Task instructions: Of the records that follow, copy only the lines from the line containing "bellissimo piccolo fiore arancione foto" to the line containing "Vị trí dự án", both included, exactly as written.
##### Dataset entries #####
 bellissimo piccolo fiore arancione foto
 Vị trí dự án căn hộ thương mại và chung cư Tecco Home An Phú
#####
##### Dataset entries #####
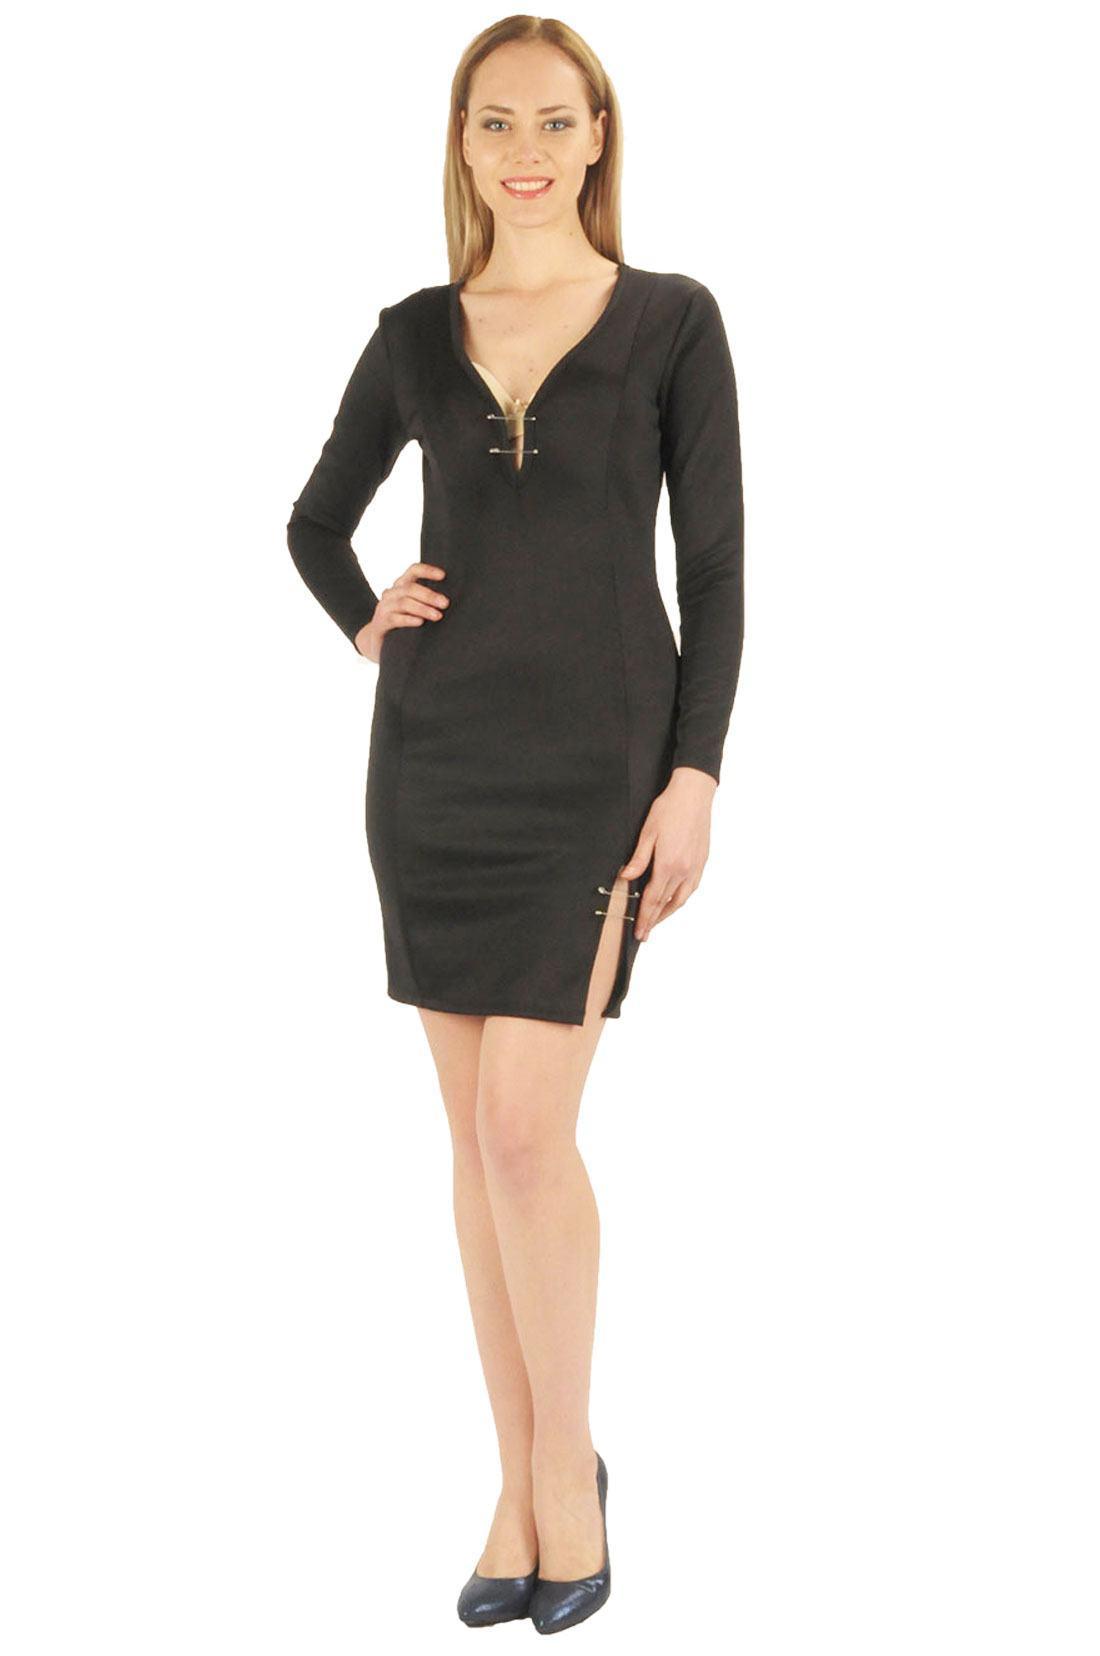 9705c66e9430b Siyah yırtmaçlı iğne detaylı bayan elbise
#####
Problem solution:
 bellissimo piccolo fiore arancione foto
 Vị trí dự án căn hộ thương mại và chung cư Tecco Home An Phú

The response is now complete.